The secrecy of the 1944 Invasion of Normandy (D-Day) was apparent by the use of code names. Every aspect of the invasion was referred to only as code words. The entire operation had the code name Overlord. Security was kept as tight as possible, even the smallest compromises were call for alarm.
The London Daily Telegraph crossword puzzles May - June 1944.
On 2 May 1944 a British staff officer doing the London Daily Telegraph crossword puzzle noticed 17 across: 'One of the U.S.' answer: Utah, the code name of one of the landing beaches. It was found that in previous months the words Juno, Gold and Sword (all code names for landing beaches) had appeared. On 22 May came the clue 'Red Indian on the Missouri': Omaha (landing beach). On 27 May the solution to ‘a Big-Wig' was Overlord. On 30 May the pattern continued with Mulberry (floating harbours used in the landings) and finally, on 1 June, the solution to 15 down was Neptune (code name for the naval assault phase).

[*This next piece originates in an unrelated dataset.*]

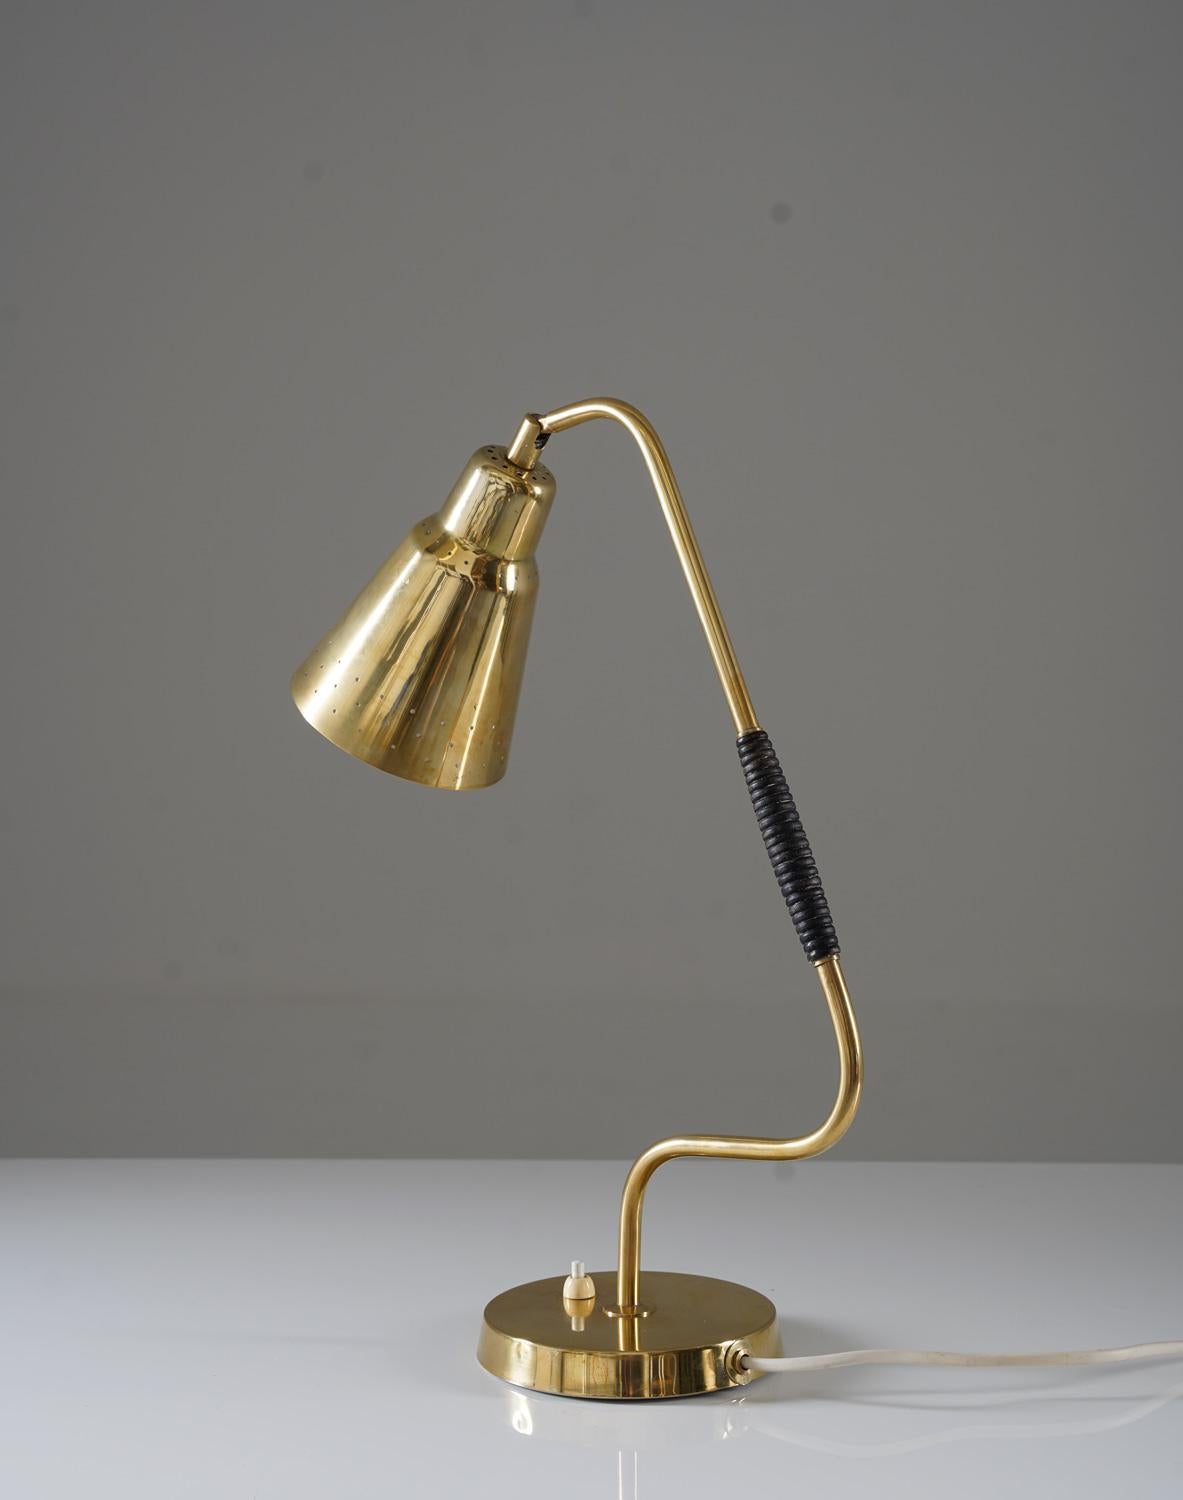 Wir stellen eine seltene und frühe Tischlampe von Bergboms vor. Diese wunderschöne Lampe ist aus massivem Messing gefertigt, mit einem perforierten Schirm und einem Holzgriff an der Stange. Sie wird mit einer E-14-Glühbirne mit einer maximalen

MI5 agents suspected that this was a coded warning to the Nazis. On 1 June they detained the compiler, Surrey schoolmaster Leonard Dawe, only to find out he knew nothing. For decades it was thought to be a bizarre coincidence. But in 1984 Ronald French, a schoolboy of 14 in 1944 and a former pupil of the crossword creator, revealed that he fed the words to the schoolmaster who would often ask his students for words for his next puzzle. The pupil picked up the terms while hanging around Canadian and American soldiers camped close by the school, awaiting the invasion. The soldiers talked freely in front of him "because I was obviously not a German spy". He believes that hundreds of schoolchildren must have known what he knew.